The FBI warned Tuesday that the Silent Ransom Group (SRG), a Russia-linked extortion gang that emerged from the Conti ransomware syndicate in 2022, is dispatching operatives into U.S. law firm offices to insert USB drives and steal client data.
The FBI’s Internet Crime Complaint Center (IC3) issued the flash alert on May 27, 2026, one year after its previous advisory on the group.
SRG actors call or email employees posing as IT support, directing them to open a remote desktop session. When that fails, the group dispatches an operative to the firm and inserts an external drive into a computer.
“The threat actor tells the victim they need to image the device or create a backup file to address potential impacts from the phishing email,” the FBI stated.
The group uses WinSCP or Rclone to exfiltrate files, staging data on Google Drive or Microsoft OneDrive. SRG does not deploy ransomware but threatens to publish stolen files on its data leak site and contacts victims’ employees and clients to pressure payment.
Researchers told CyberScoop the group has claimed more than 100 attacks and that its hybrid tactics have “no known parallels across the vast cybercrime ecosystem.” Recent attacks left few forensic artifacts and evaded antivirus tools by using legitimate system management software.

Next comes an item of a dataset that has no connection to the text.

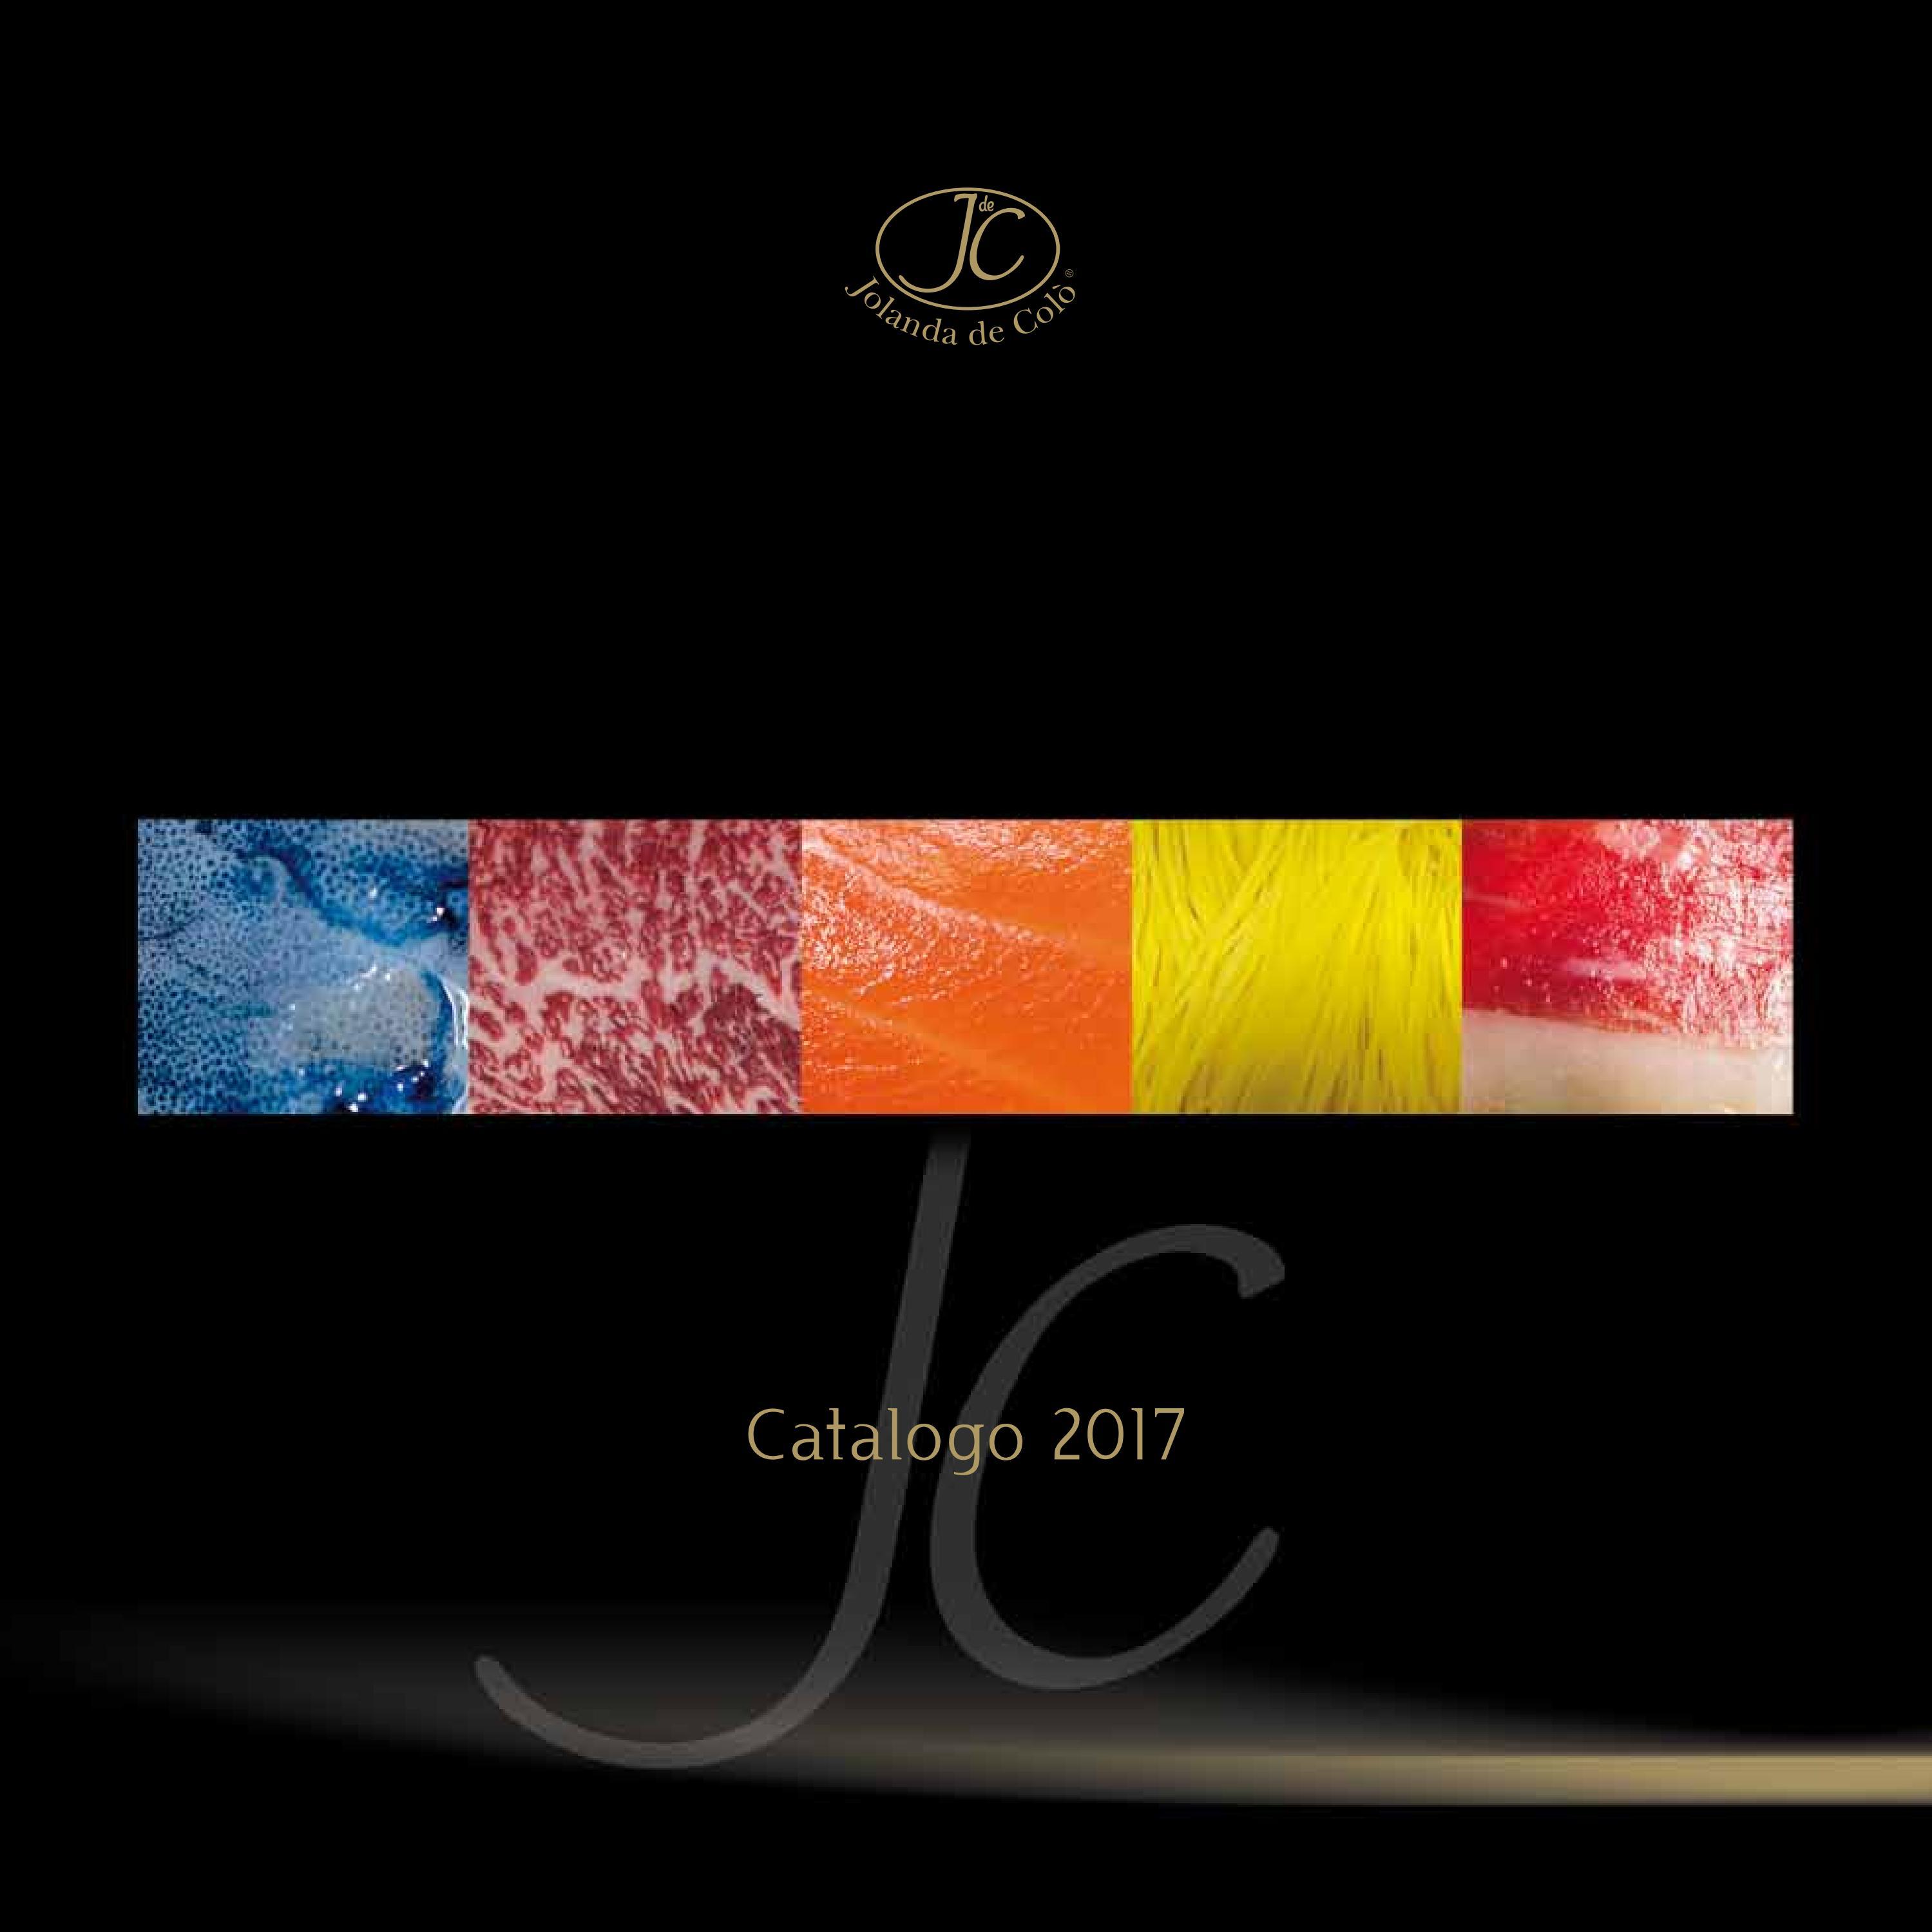 Symbol Of The Brand Sale E Pepe Primi 900 In Cofanetto Complementi D'arredo Arte E Antiquariato

In April 2026, Jones Day confirmed a phishing incident affecting files for 10 clients after SRG listed the firm on its data leak site and demanded $13 million, according to DataBreaches.net.
Also known as Luna Moth, Chatty Spider, and UNC3753, SRG has consistently targeted U.S. law firms since Spring 2023, which the FBI attributes to “the highly sensitive nature of legal industry data.”
The FBI advised organizations to disable external drive connections, block port 22, require phishing-resistant multifactor authentication (MFA), and verify IT support credentials.